-- Brief --
Everything from the line that has "Husband holding wife" to the last line of the listing must be repeated exactly, and nothing more; omit the pictures.

-- Data provided --

▽

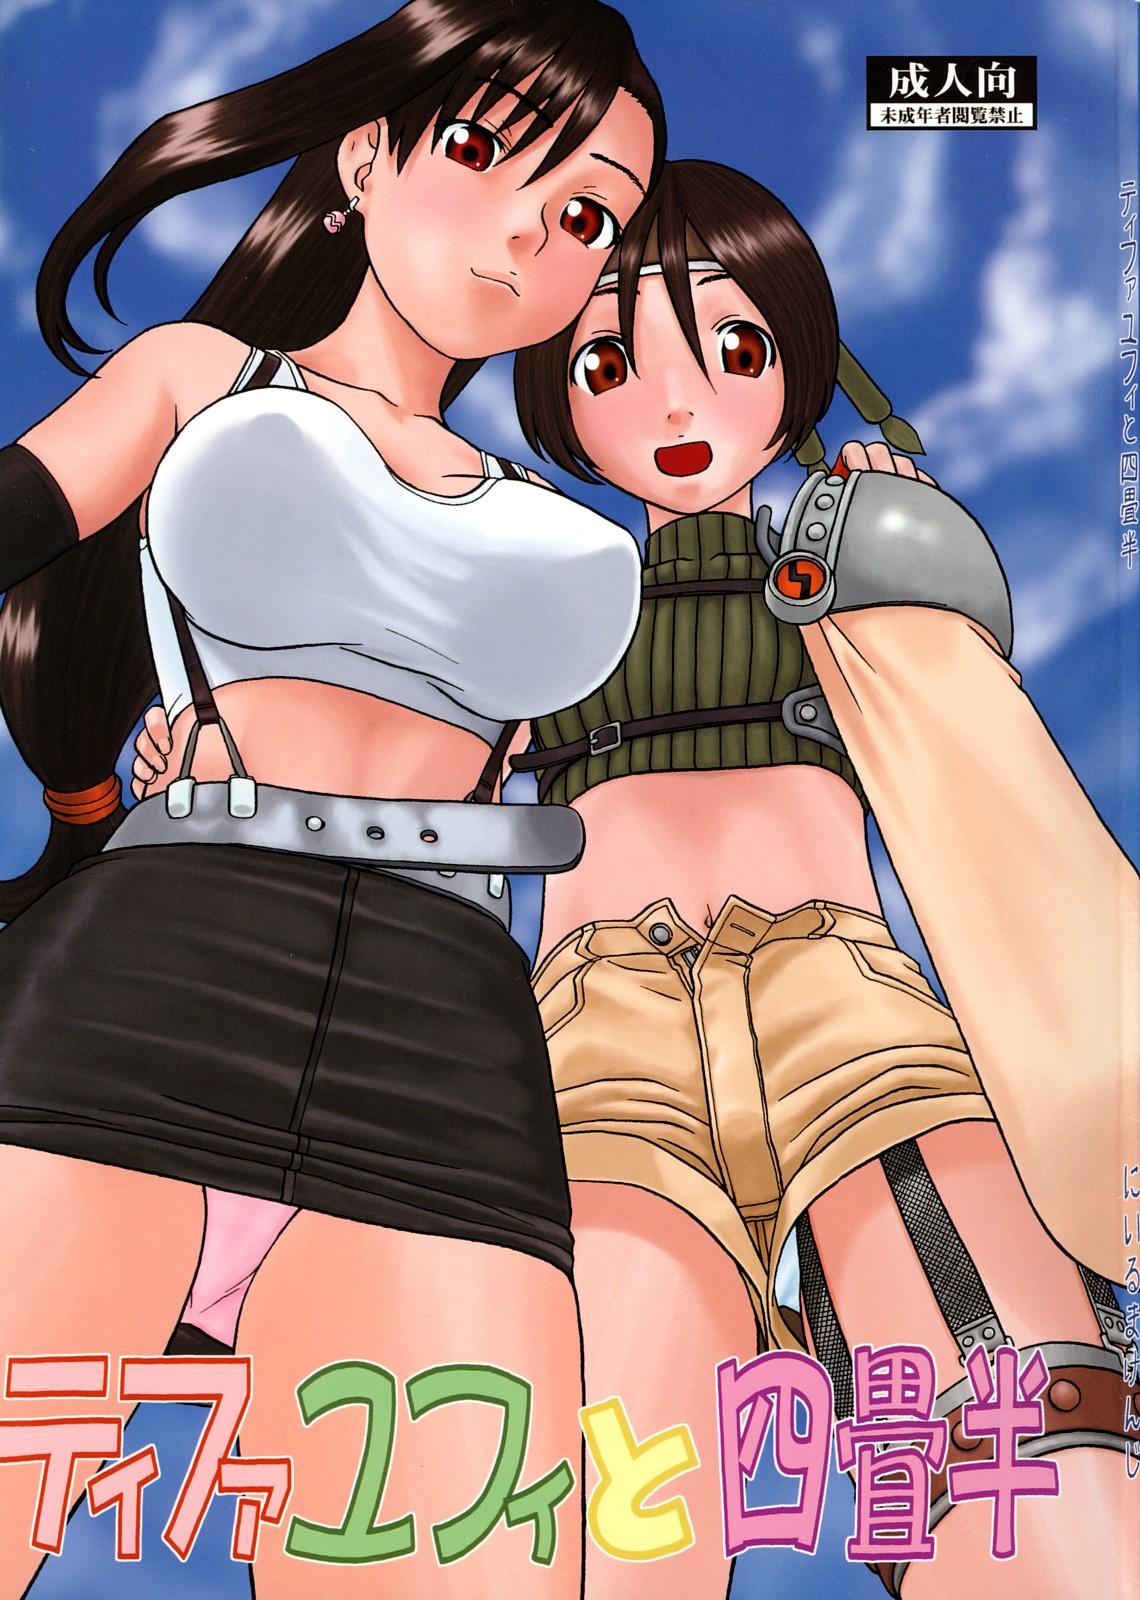 Free Blowjob Porn Tifa to Yuffie to Yojouhan - Final fantasy vii Asstomouth - Picture 1
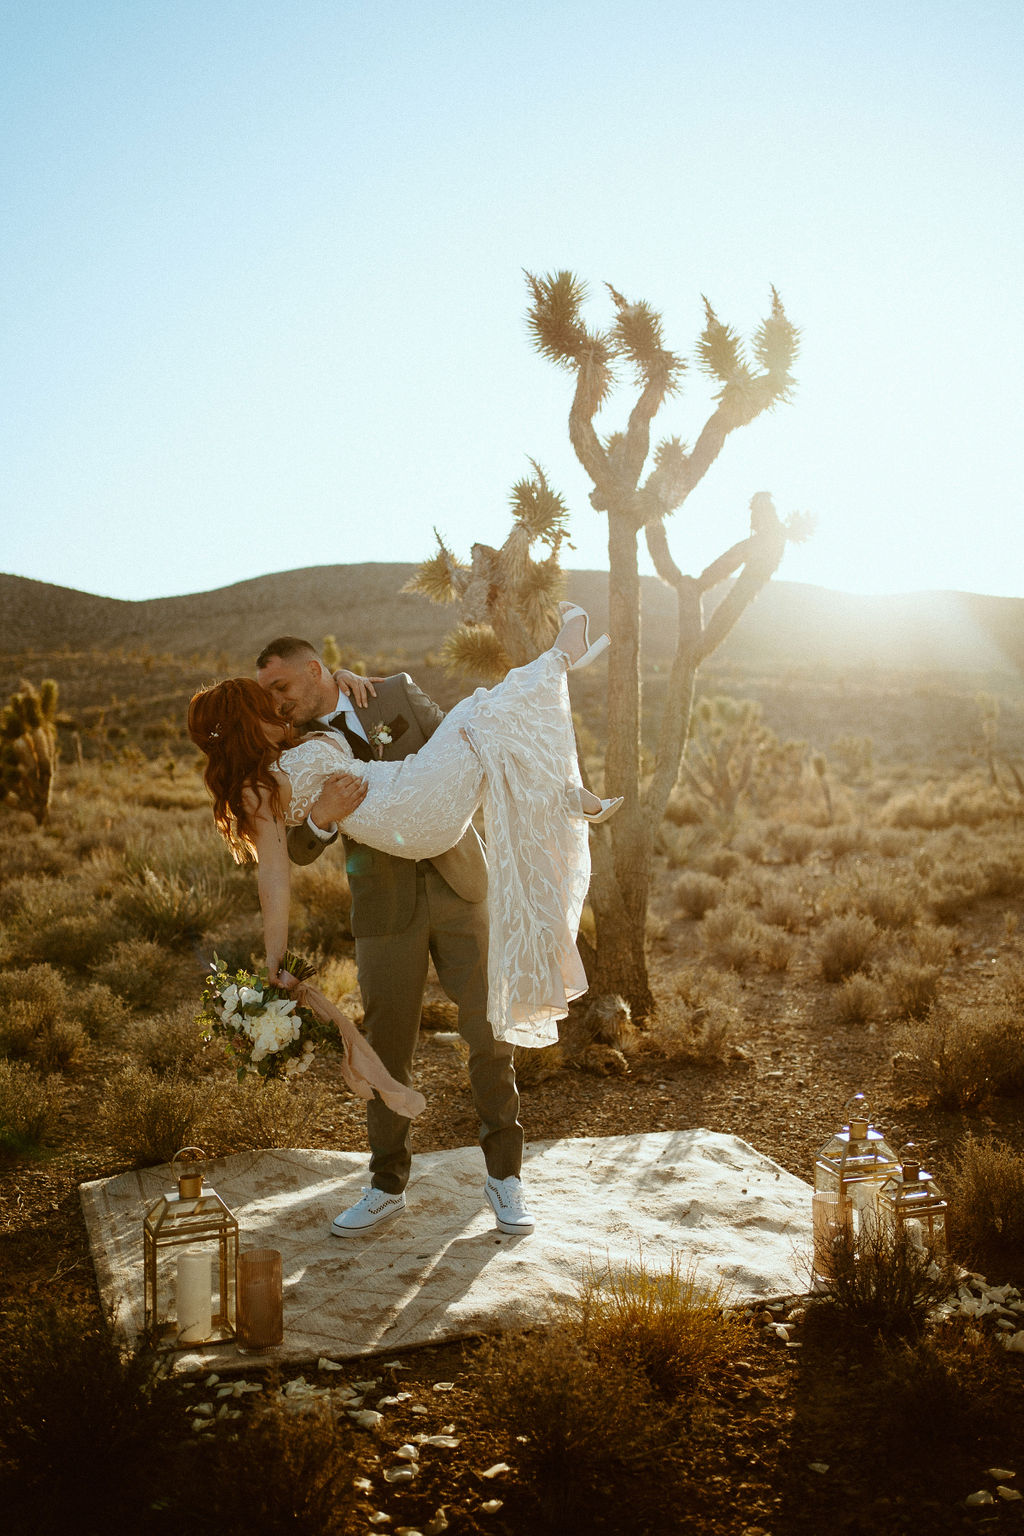 Husband holding wife at ceremony location during Sunset during their Kyle Canyon Timeless Desert Elopement
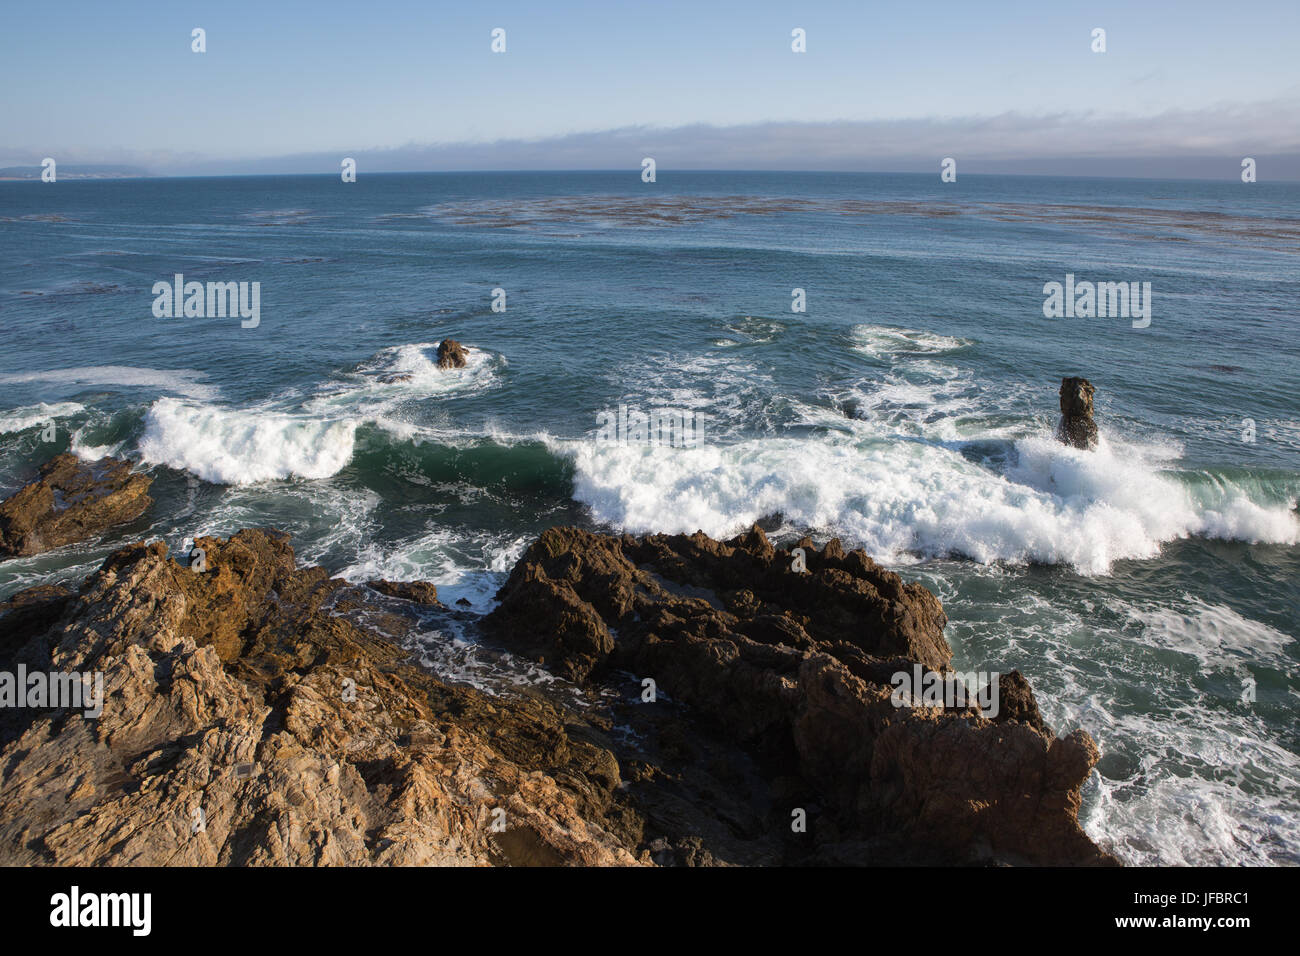 Waves crash onto rock formations on a Pacific coast. Stock Photo

△

-- Response to the exercise --
 Husband holding wife at ceremony location during Sunset during their Kyle Canyon Timeless Desert Elopement
 Waves crash onto rock formations on a Pacific coast. Stock Photo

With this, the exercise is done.